George Greaves

Personal information
- Full name: George Henry Greaves
- Date of birth: 20 June 1897
- Place of birth: Nottingham, England
- Height: 5 ft 8 in (1.73 m)
- Position(s): Full back

Senior career*
- Years: Team / Apps / (Gls)
- –: Lincoln Rovers
- –: Chesterfield Municipal
- 1920–1924: Lincoln City / 72 / (0)
- –: Scunthorpe & Lindsey United
- –: Boston Town

= George Greaves (footballer) =

English footballer

George Greaves (20 June 1897 – after 1924) was an English footballer who made 72 appearances in the Football League playing for Lincoln City. He played as a full back. He also played non-league football for Lincoln Rovers, Chesterfield Municipal, Scunthorpe & Lindsey United and Boston Town.

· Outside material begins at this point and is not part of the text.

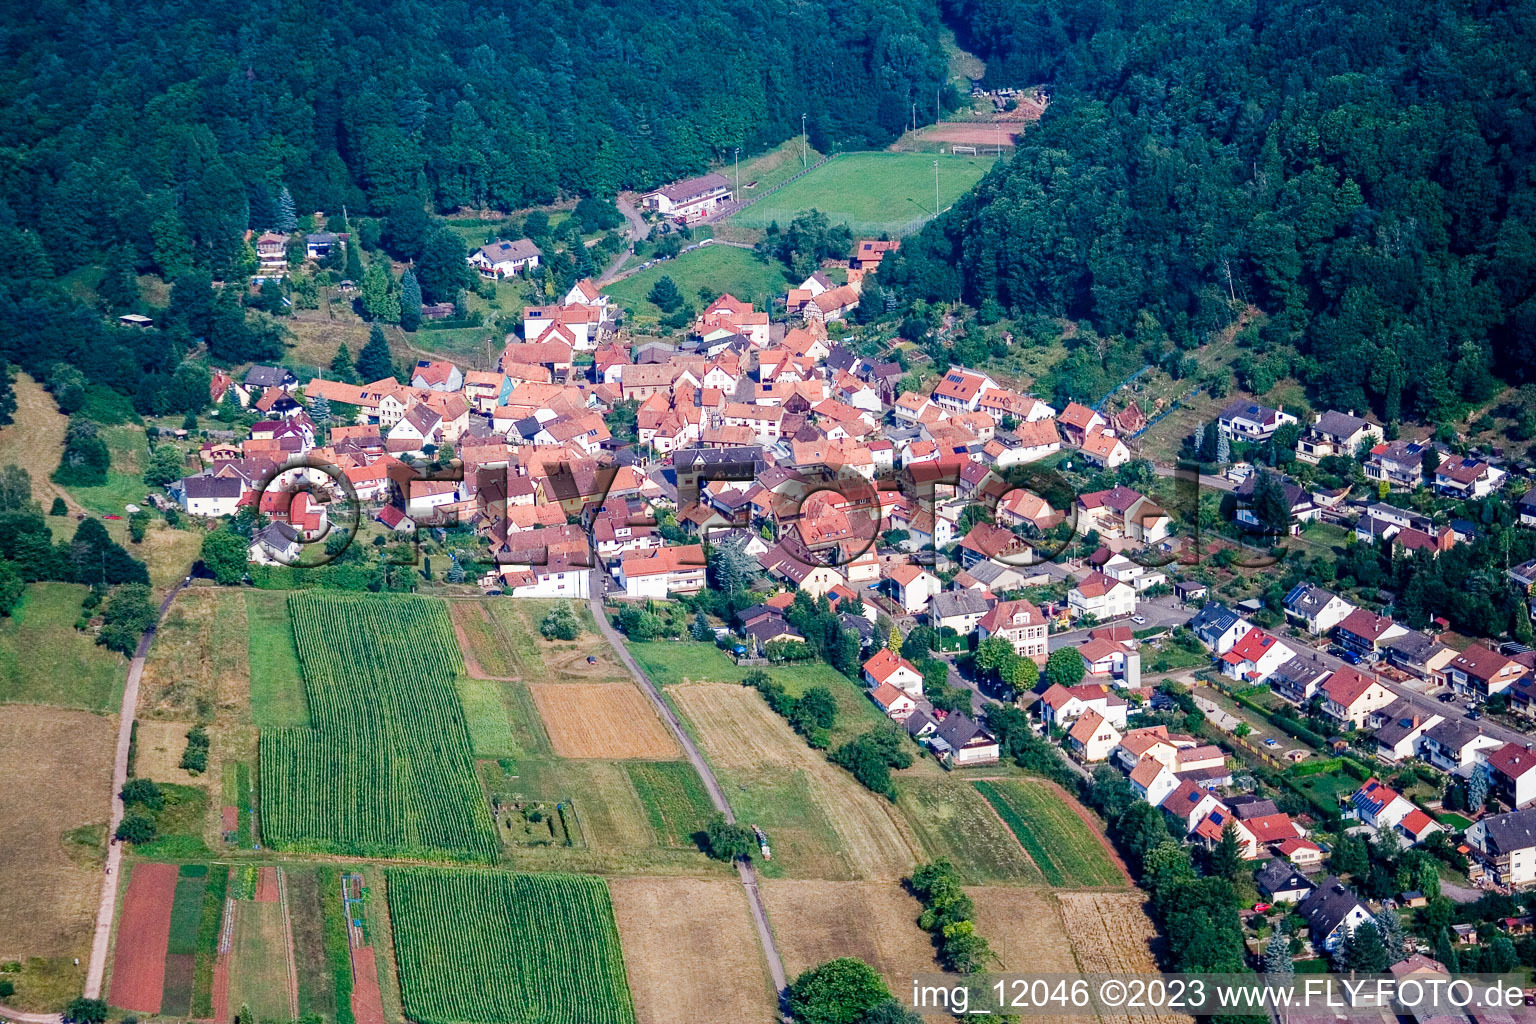 District Gräfenhausen in Annweiler am Trifels in the state Rhineland-Palatinate, Germany from the plane

He played a leading role in Wigan Borough's record Football League victory, by nine goals to one. On 3 March 1923, Lincoln were losing 2–0 after half an hour of the visit to Wigan Borough when their goalkeeper, Jack Kendall, was knocked unconscious by the ball rebounding off the frame of the goal and striking him on the back of the head. Kendall was taken to hospital, and Greaves replaced him in goal; he and Lincoln conceded a further seven goals.